As without any instrument, the distance of an object of known size can be determined

Suppose, that we went away from the tent, camp or home, the width and length of which are known to us, and we want to check, how far have we gone. Or we come back from a trip and, having seen a house or a tent from a distance, we want to know, how much way is still ahead of us. When we do not have any equipment with us, we only use our hand and eye. We extend our right hand in front of us and, closing our left eye, we fix the end of the index finger on the left side of the house; next, trying to keep my hand completely still, we close our right eye quickly, a otwieramy life; then the tip of the finger will seemingly move to the right side and stand, e.g.. on the half of the frontage of the house. This observation is enough for us, by some - of course, very far - approximate the required distance.
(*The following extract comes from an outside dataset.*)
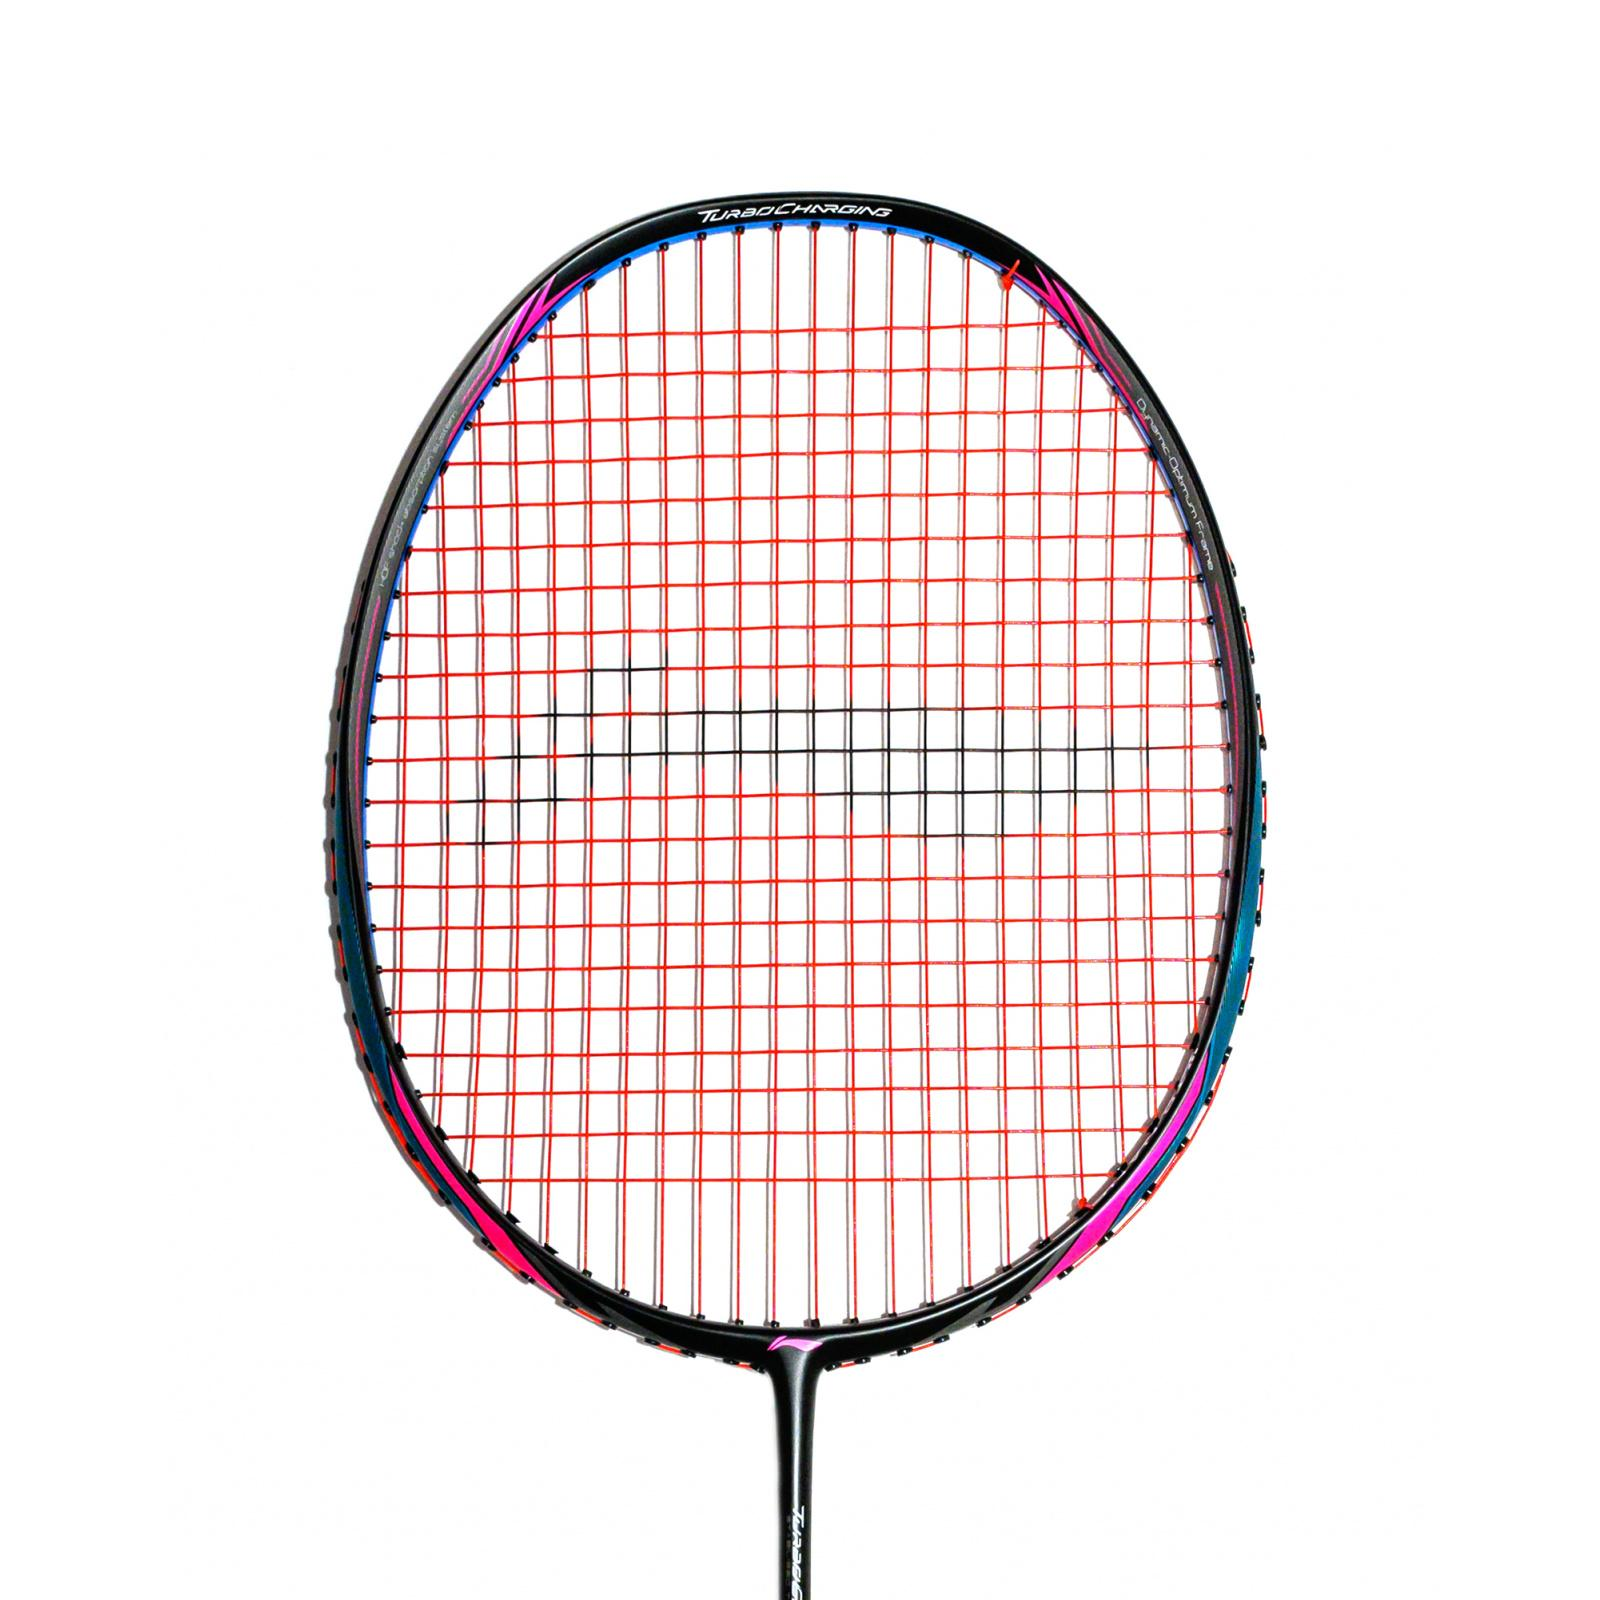 https://www.badec.store/produkty_img/badmintonova-raketa1570653895L.jpg

The length of our arm with the arm from the fingers to the eye is probably known to us quite closely; equals - let's say - 80 cm. The distance between our pupils is, or at least it may also be known to us; suppose, that equals 7 cm. If we also know, that the breadth of the house is 20 m, that's half that size, or 10 m, is the last of the three terms of proportion, where by x we ​​denote the searched distance:

0,07 : 10 = 0,8: x

From this proportion we find x = (0,8 • 10) / 0,07 = około 115 m.

And from what this proportion was made, it's easy for everyone to guess.